The key components of a reimagined, redesigned “compact” SSN include four major changes from existing SSN designs. Namely, it can refocus the SSN and its systems on its original roles of anti-shipping and ISR, eliminating the vertical launch tubes and enhancing the horizontal launch tube systems. It can re-engineer the nuclear power plants to result in power plants that are safer, simpler, more compact, and cheaper to build and operate. It can also re-engineer the rest of the SSN systems to increase automation, optimize crew work processes, and to reduce the total required ship’s complement. Finally, it can modernize and revise the SSN’s weapons system to provide a wider range of weapons capability and increase the number of warshots deployable in a compact hull form

The net result of the proposed changes should be a more effective, more capable, yet smaller and cheaper SSN that the U.S. Navy can afford to build and operate in numbers sufficient to meet existing and growing near-peer naval challenges of the mid-21st century. Such a submarine would be expected to displace well under 5,000 tons.

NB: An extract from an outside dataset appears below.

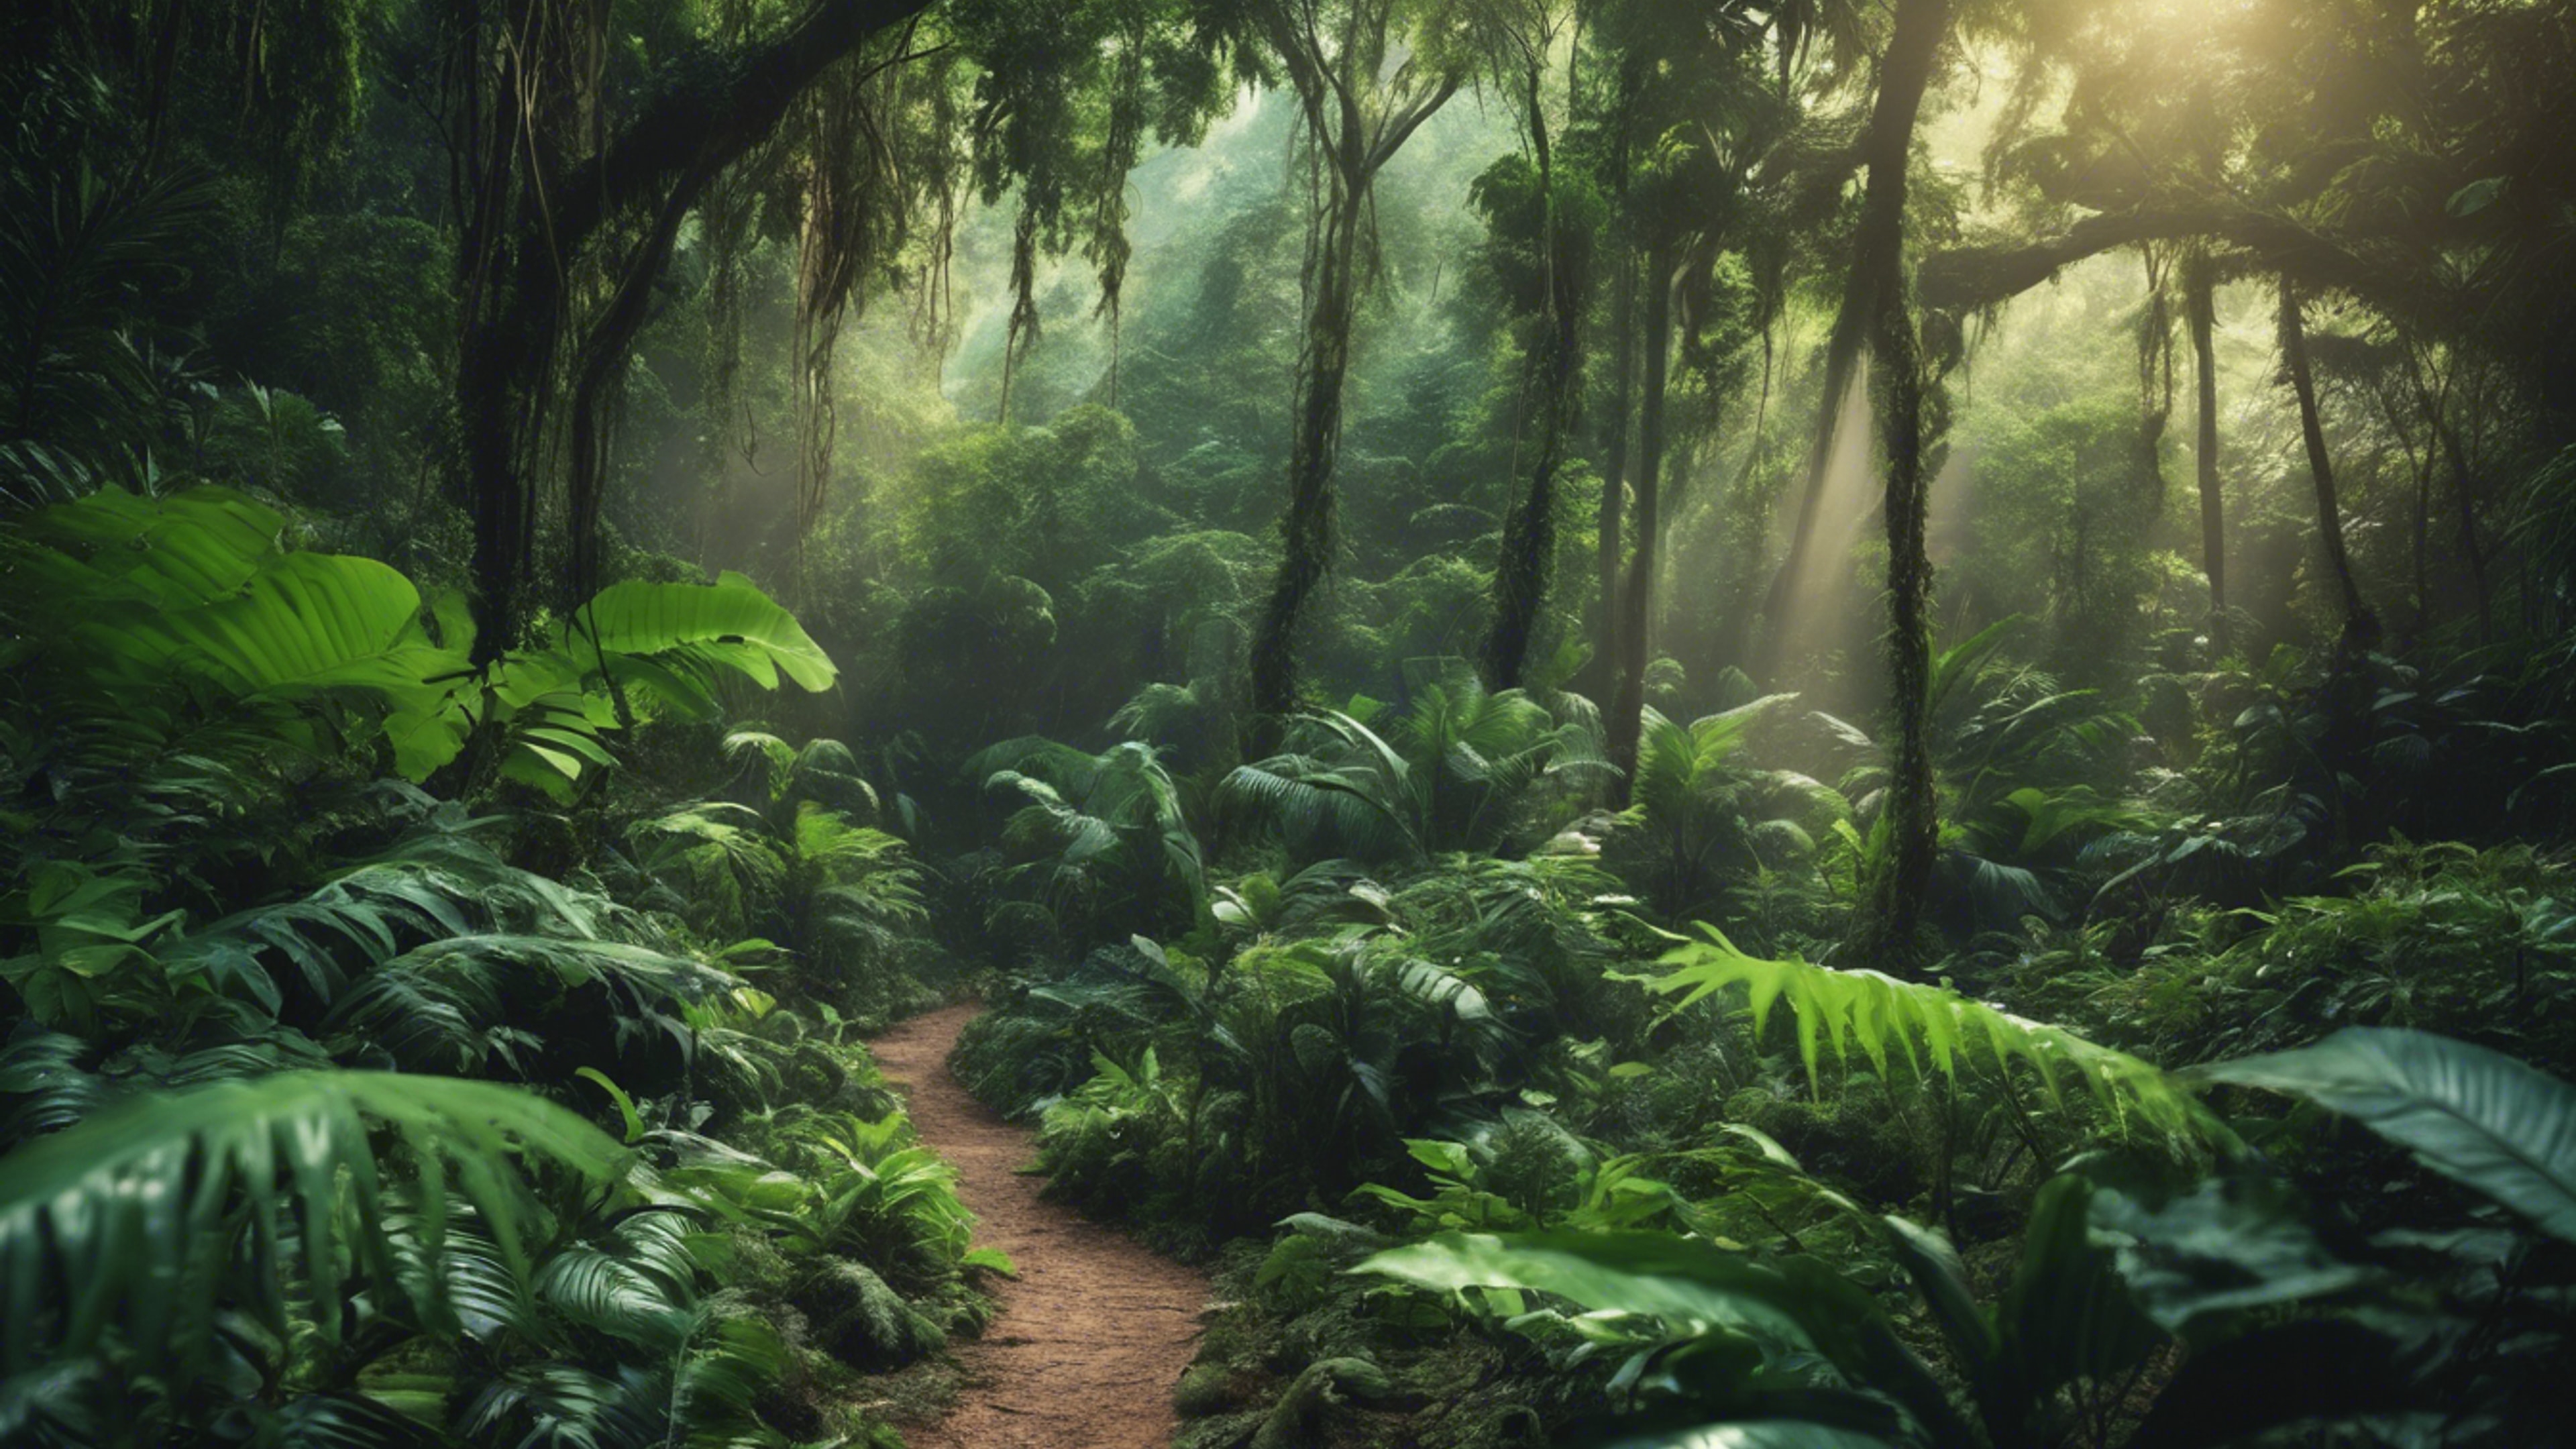 A lush tropical rainforest scene depicting the mysterious aura of nature. Wallpaper[ca584bb6292f4659923d]

In recognition that major ship class redesigns with “great leap forward” technology improvements carry additional development risk and incur longer development timeframes, it is good practice for the Navy to pursue these advances in a relatively small block build or in technology insertion increments (as used on the Virginia-class boats).

The proposed Next Gen “New SSN” class should consist of the following minimum of two blocks.

Block I

Set an overall objective for Block I to build a new SSN of not more than 4,500 tons, but less if feasible, and a crew size of not more than 70 officers and sailors, and less if achievable. The design should strive to reduce the volume of operations spaces, engineering spaces, crews’ quarters, storage, and support spaces accordingly. Total construction cost should aim for significantly less than $2 billion each in 2019 dollars. 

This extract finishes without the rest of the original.